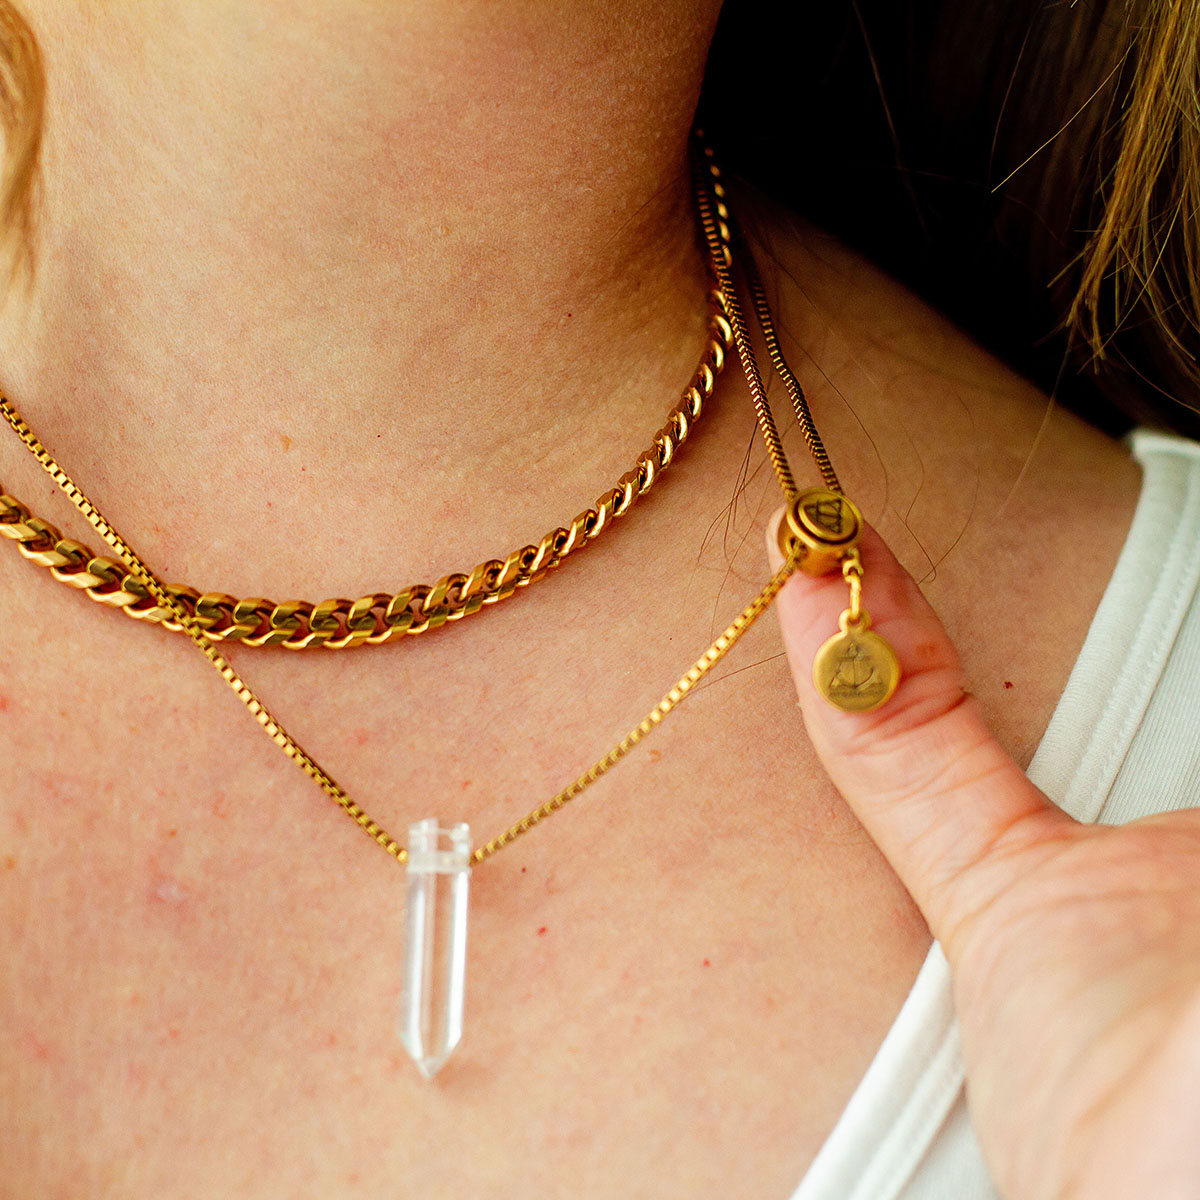 23 Stylish Mother’s Day Jewelry Gifts & Accessories To Make Her Sparkle
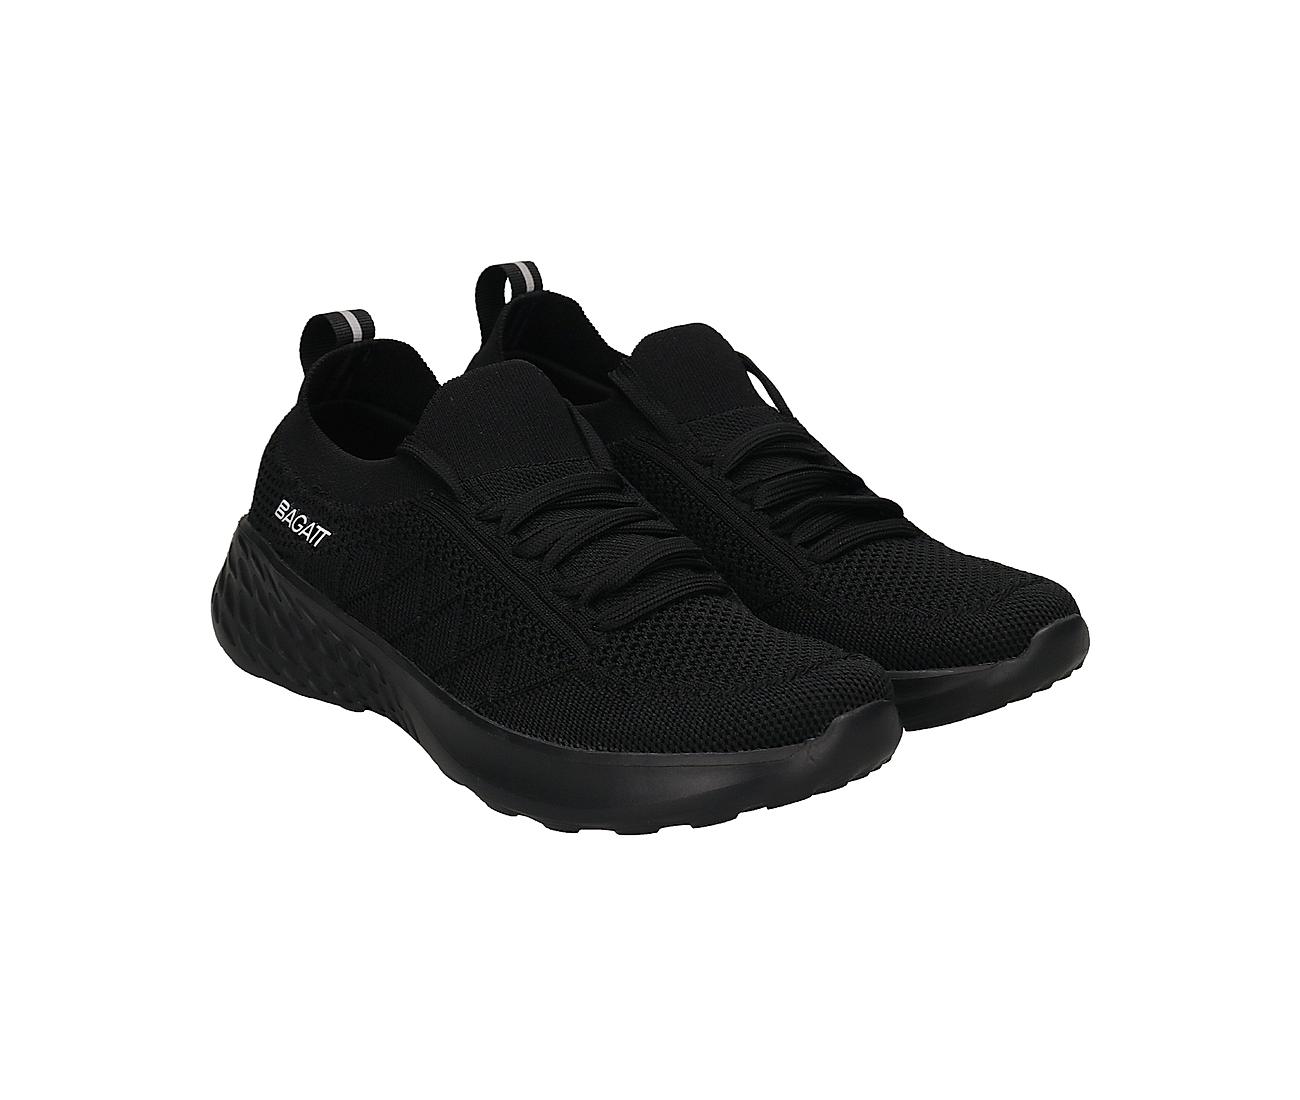 runner Black Sneakers for Women - Fall/Winter collection - Camper India
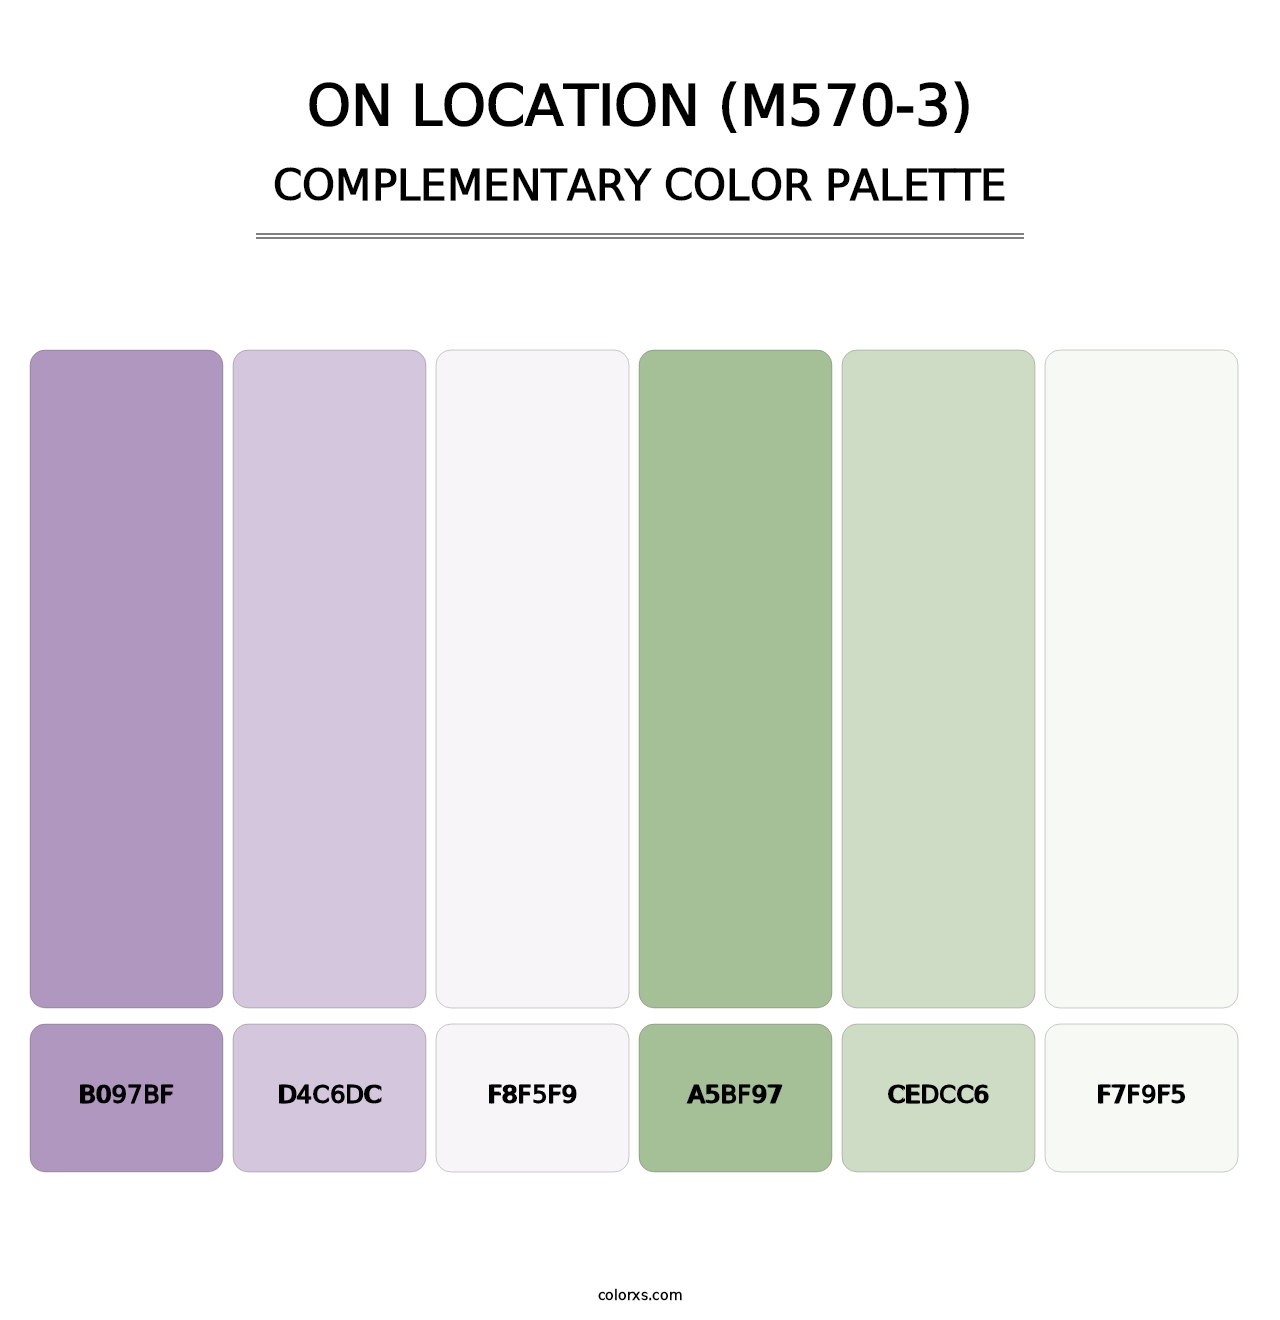 On Location (M570-3) - Complementary Color Palette

----

| TASK |
Leaving out the pictures, reproduce the whole listing above exactly.

| TASK ANSWER |
 23 Stylish Mother’s Day Jewelry Gifts & Accessories To Make Her Sparkle
 runner Black Sneakers for Women - Fall/Winter collection - Camper India
 On Location (M570-3) - Complementary Color Palette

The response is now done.